The biggest thing is try not to predict what the PCs will do. Give them multiple avenues to approach the adventure, and have enemies and scenarios that react to the party.

Thank you all for the outpouring of help and sources. I kinda had to admit, I had a bit of a writer's block panic attack. After collecting my thoughts, I've managed to come to my own solution of writing the adventure as how someone would narrate it, or like a script for a play with the three act structure, which seems to be the general go-to suggested here.

So far the one-shot mission I have in mind should be fairly simple and small in scope. (Note the PC's start off in two groups in this mission) Here's the general plot structure:

Act I
-Group A Is approached by an NPC (We'll call them 1), that requests the groups aid in dealing with a recent group of space pirates, or rather that their brother (NPC 2) has become one of them to scrape by (these NPC's are on hard times), and NPC 1 thinks they are going down wrong path and that they need the party to show them that piracy is dead end. since they are doing it for necessity, convincing them to turn tail shouldn't be too hard. This NPC's suggest they gather a 4-5 man team, and that they'll scrape together something as a reward for the group. So far, they give the party a pulsecaster rifle and some basic supplies.

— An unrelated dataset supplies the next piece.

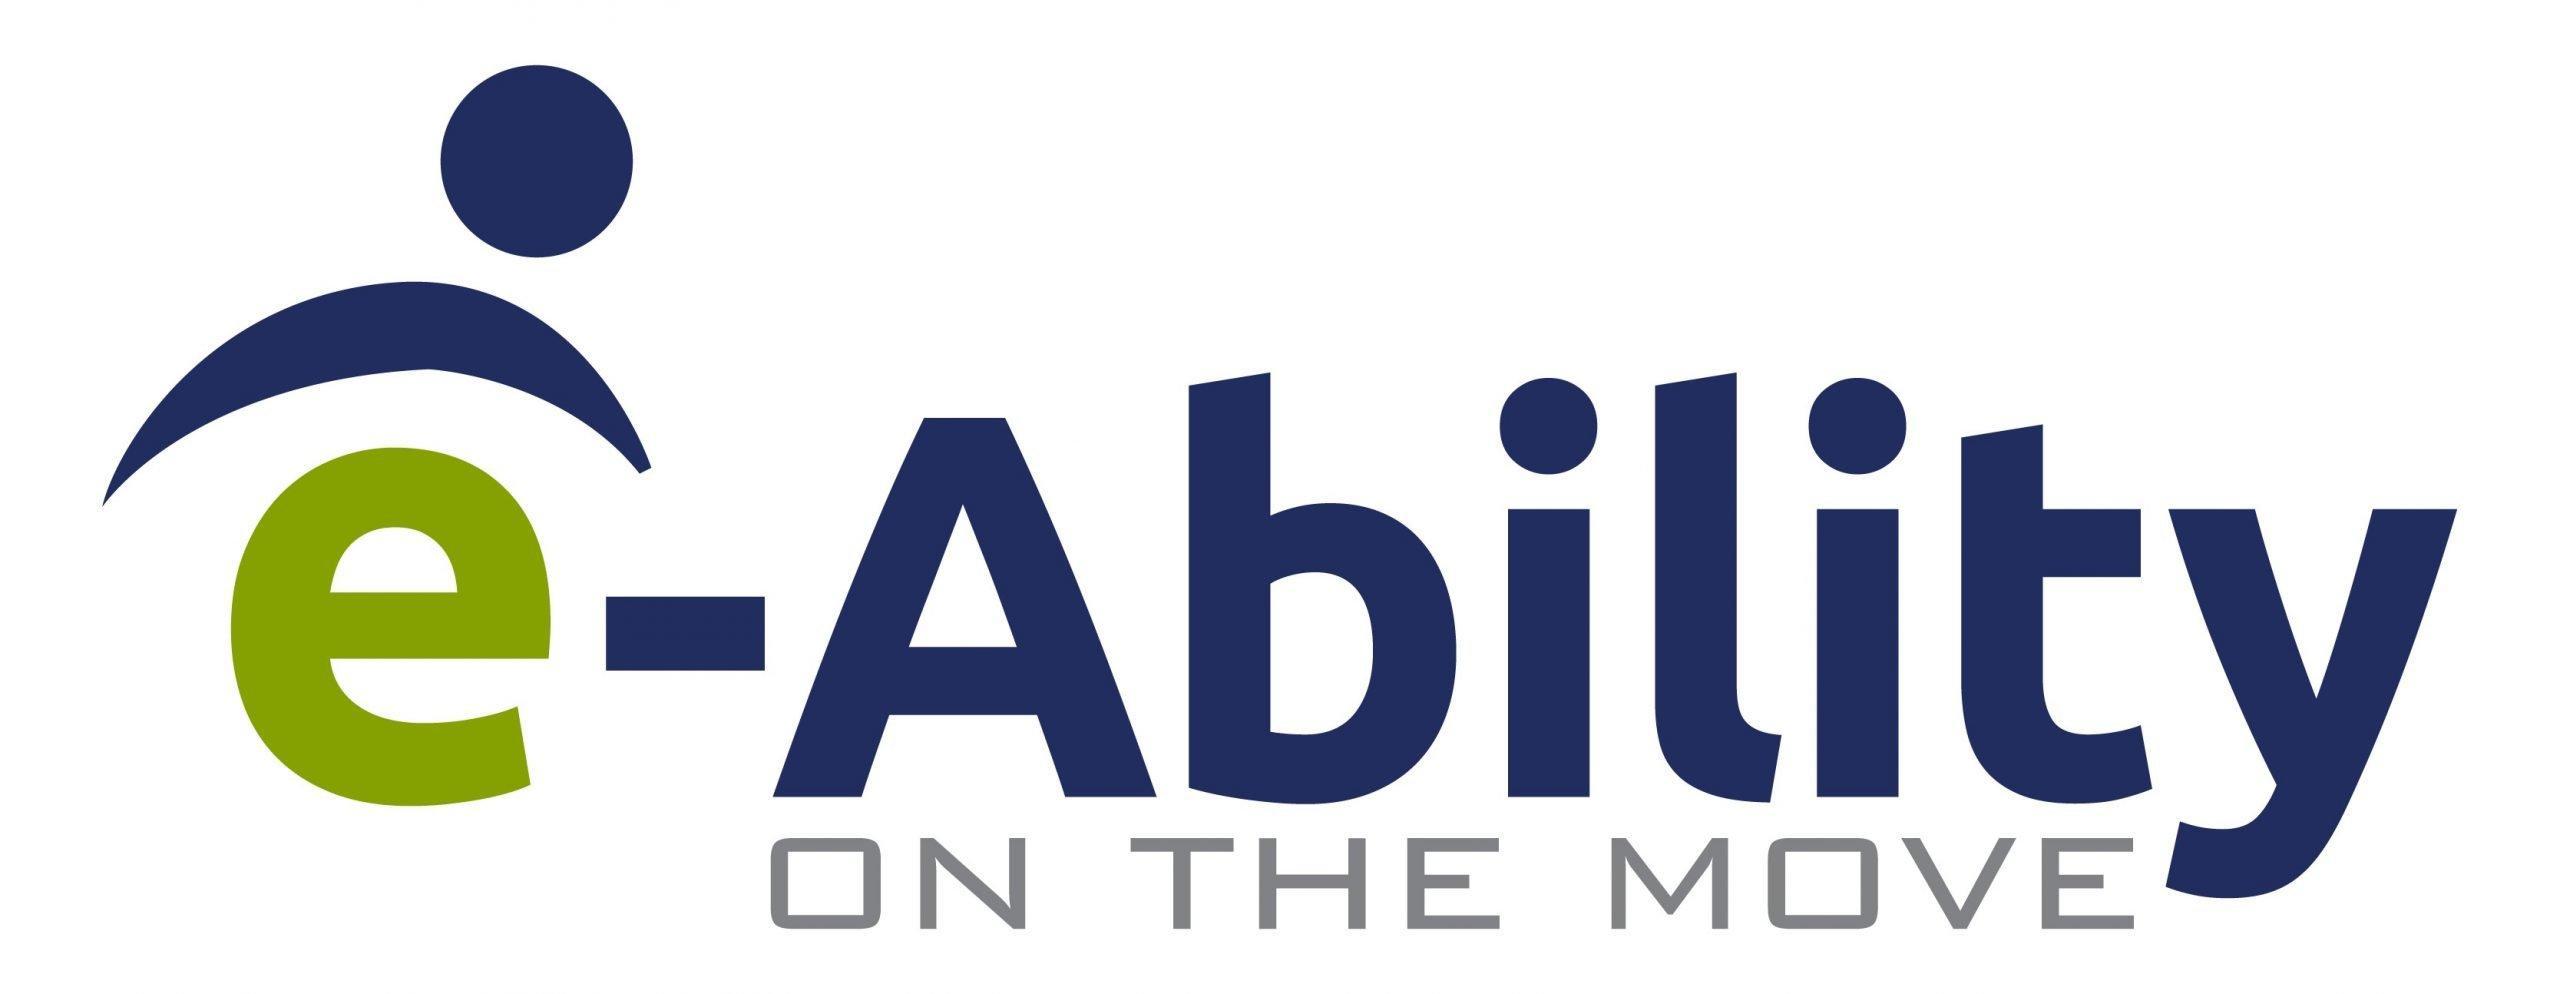 e-Ability

-Group B Hears news about a recent space pirate attack that resulted in the destruction of a ship that had (insert vip/family/relative etc...), and the pirates have a bounty posted by an anonymous contact. The group meets with the contact (NPC 3) and the contact states they lost a VIP in that pirate attack, and they wish to have the group eliminated, and they suggest interviewing one of the pirate's relatives on the station (NPC 1) as a lead.

-Groups A & B meet up, they discuss their missions. NPC 1 is distraught at the extermination mission, but a possible loophole is that if their brother is able to be convinced to abandon them, they'd no longer be part of that group and be exempt from group B's elimination mission.

Act II

-Just as the party prepares to leave, they get into their first combat as they were tailed by a small squad of that space pirate group and they open fire on NPC 1 and by extension the group for ratting them out. (Regardless of whether or not not NPC 1 survives, if the group can get aholed of security footage, they'll have really compelling evidence for NPC 2 to back down.)

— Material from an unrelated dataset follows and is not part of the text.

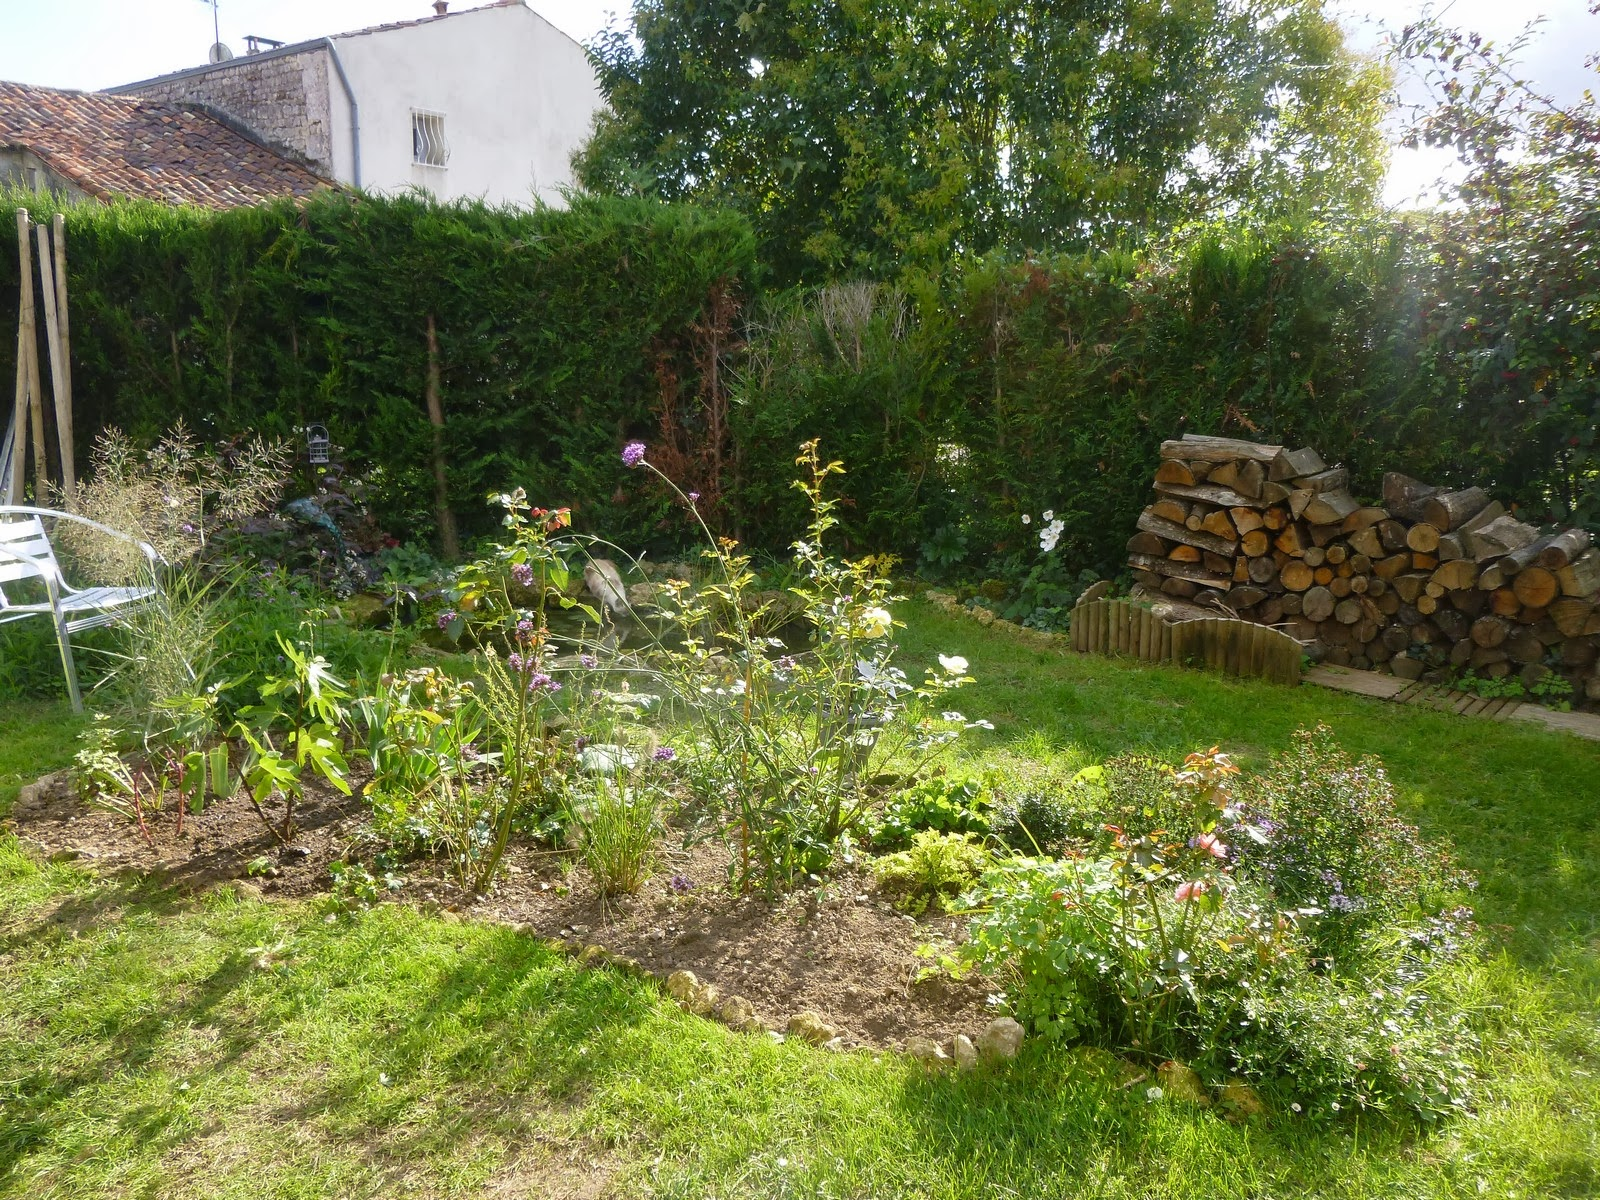 Cagouille 39 s garden un arbre au jardin - Jardin taille olivier ...

And that's about as much as I wrote out for currently. There's to be a small skirmish in starship combat, and then a final battle at the pirate base before the group returns home and gain their material reward from thir contact, and the feels reward if the brothers are reunited.

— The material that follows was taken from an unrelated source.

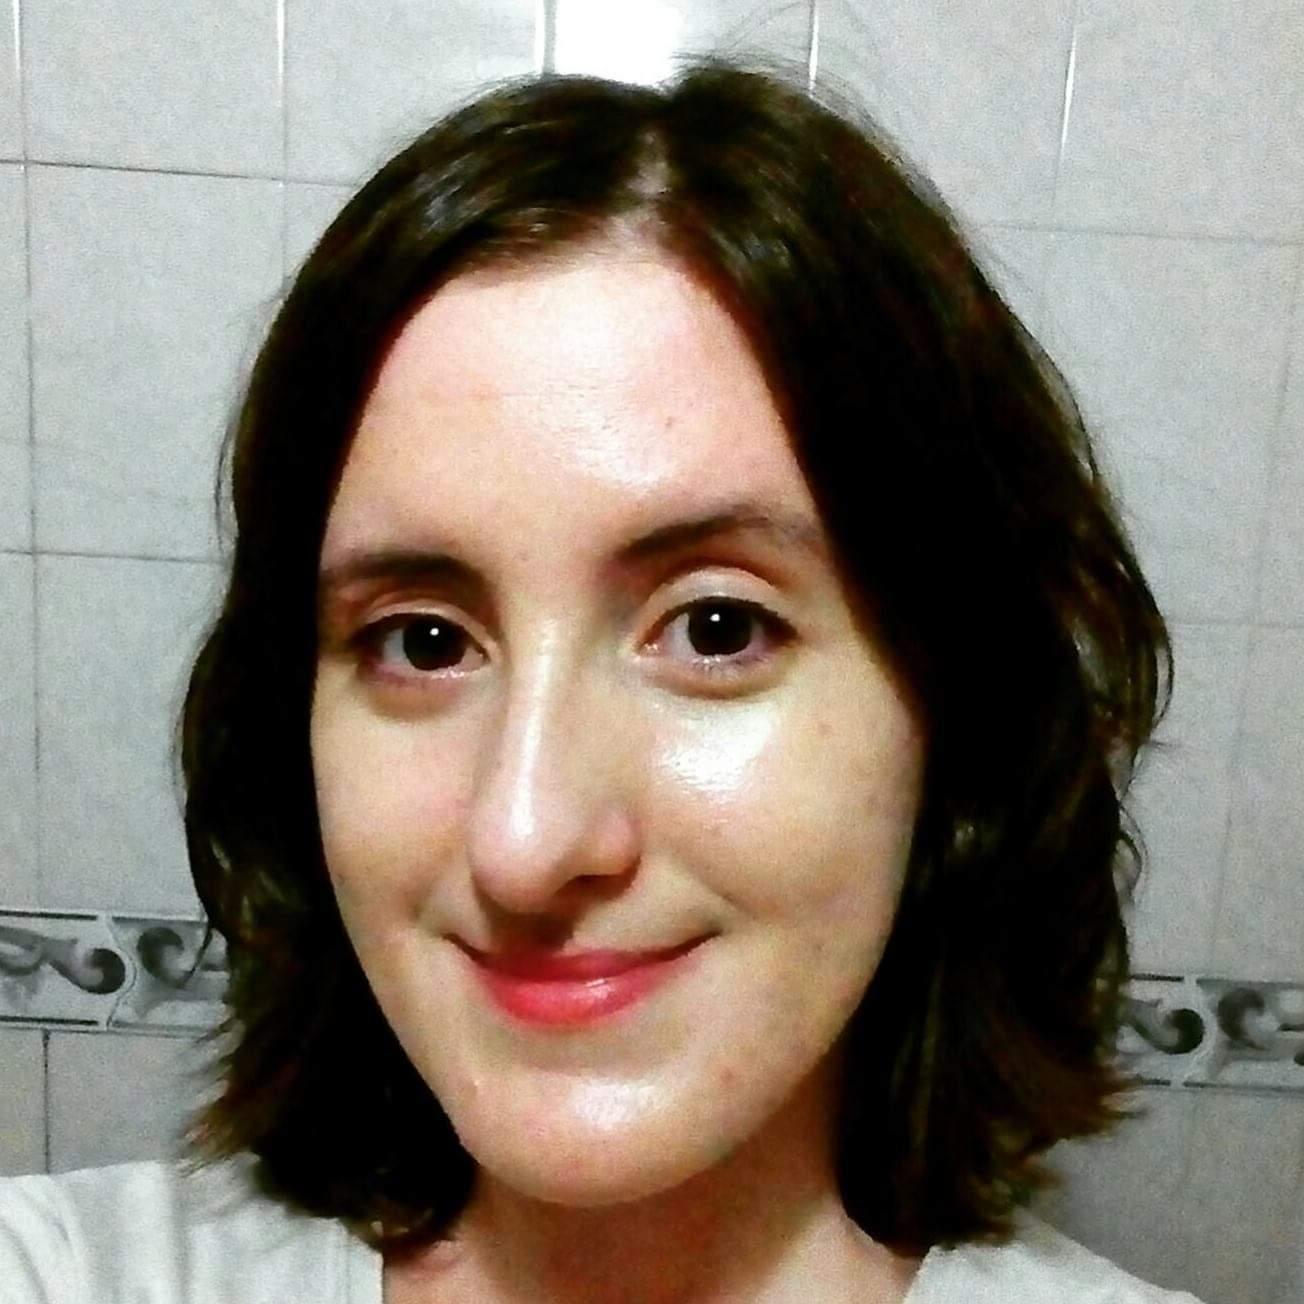 Puli Machado de Beautypul

Instead of groups A and B, give them a reason to be Group AB from the start, and have the NPCs be people that have some small connection to individual group members. NPC 1 can meet with the full party, while NPC 3 probably contacts their party connection on their own. See if their party contact mentions that they've already met with NPC 1 while talking with NPC 3. The group can then all go back to NPC 1 and hash out thier options.

Probably best if connection for NPC 1 is somewhat personal (old friend, early mentor, grandma) and NPC 3 is mostly impersonal (previous employer, freind of a friend, corporate connection).

I would personally have the party be just returning home from a lengthy but not too arduous task for a corporate entity. Perhaps they just flew a shuttle back and forth from the Diaspora, making multiple stops and dodging more than a few pirates over the last couple of weeks as they delivered their supplies.


Actually that doesn't sound like a terrible adventure seed either, but never mind.

Steal...ahem...'lightly borrow' older existing material. Maybe an older pathfinder adventure path, just reflavored for Starfinder. Though probably work better with stand alone modules just because you can then add in spaceship stuff. Adventure paths might be a bit more tricky since they tend to be more 'party groundpounding' level or drawing in things Starfinder doesn't have yet (kingdom build, militia build, how to run a war, etc)

I actually ripped off Shadowrun missions and turned my campaign into a cyberpunk story. Filled with Evil Corporations and Johnsons.

Agreed with AnimatedPaper - combine A & B and don't split the party.

When starting out, it's best to keep things simple.